It is estimated that cancer complicates as many as 1 in 1000 pregnancies, with breast cancer as the most common associated malignancy (Smith et al. 2001). Contemporary management of pregnancy-associated breast cancer (PABC) encourages continuation of pregnancy during treatment. Limitations in published data describing the safety of cancer therapy in pregnancy create challenges and dilemmas in clinical decision-making for providers caring for these patients. Prospective evaluation of the safety of antineoplastic therapy during pregnancy is methodologically difficult; therefore, most published data consist of case and cohort series (Mir et al. 2008; Cardonick et al. 2012a; Loibl et al. 2012). Given the apparent rising incidence of PABC, perhaps due to trends in delaying pregnancy (Andersson et al. 2009; Litton & Theriault 2010), a greater understanding of the pathologic features, treatment options, and maternal and fetal outcomes in PABC is critical.

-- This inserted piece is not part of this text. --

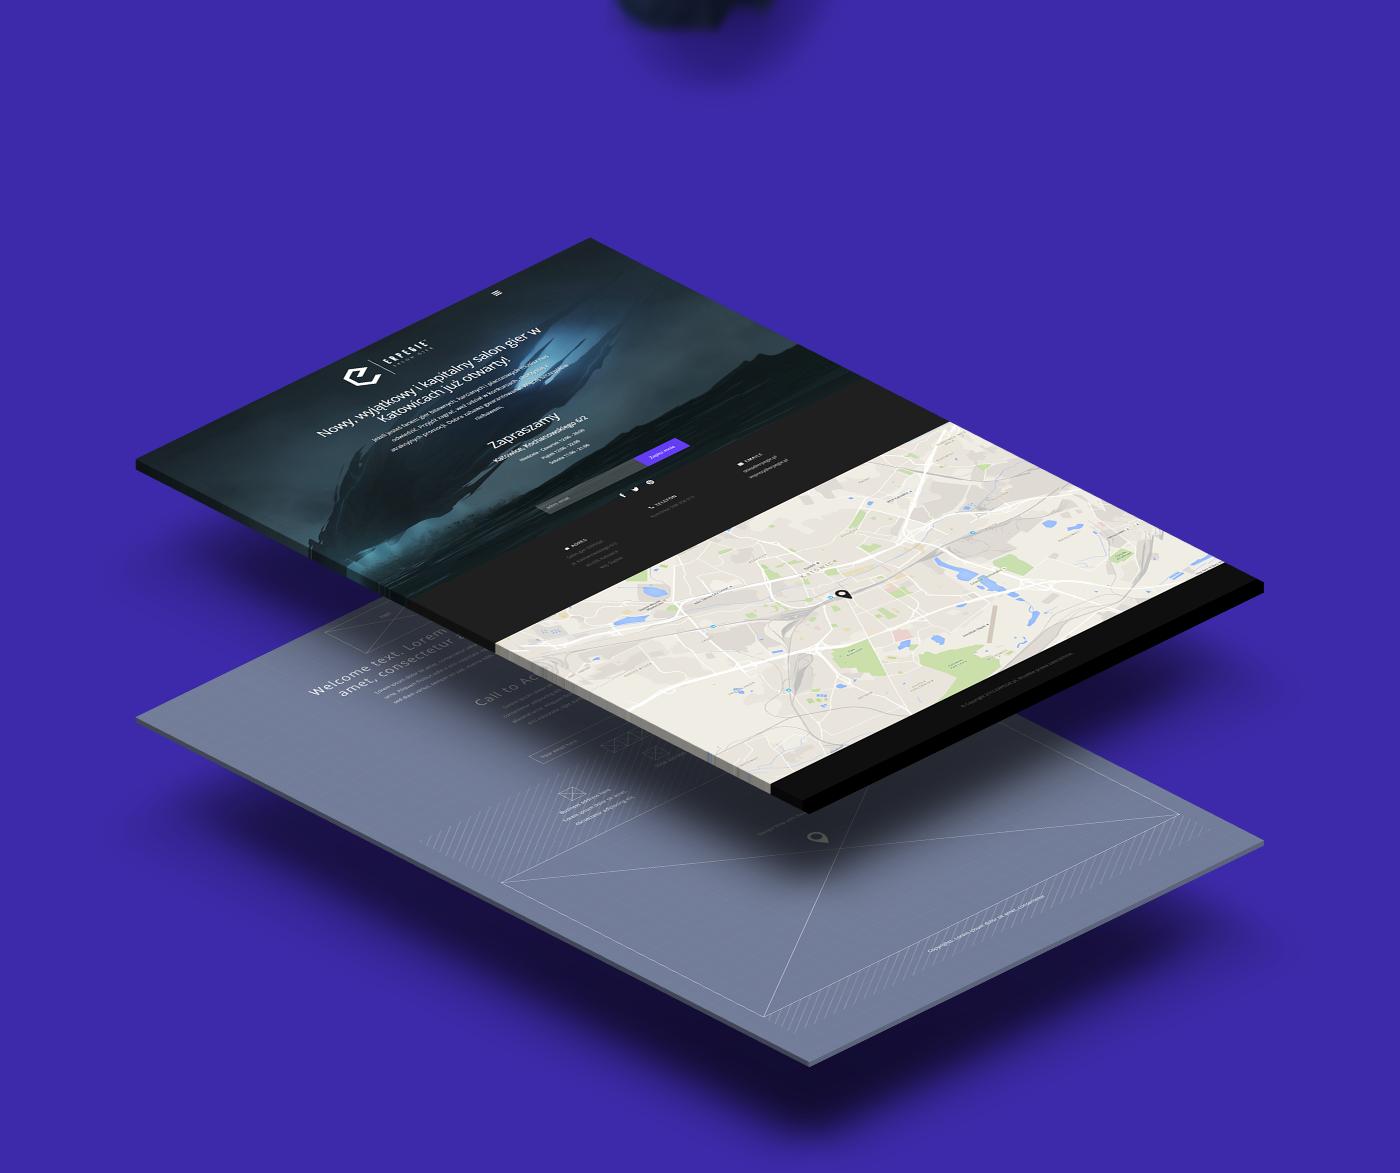 ERPEGIE-web-design-ux-ui-responsive-2015_07

PABC has been defined as breast cancer diagnosed during pregnancy and up to one year postpartum. Although much PABC research has considered this group as a whole, it is worth considering two distinct subsets – those diagnosed during pregnancy, and those diagnosed in the postpartum period (Borges & Schedin 2011). Physicians caring for a pregnant patient with active breast cancer must select treatment options which maximize benefits to the patient while minimizing risks to the developing fetus. Given the advances in contemporary management of breast cancer, including use of taxanes, “dose dense” schedules, and sentinel lymph node biopsy, it is imperative to understand whether or not these new treatments can be safely administered during pregnancy.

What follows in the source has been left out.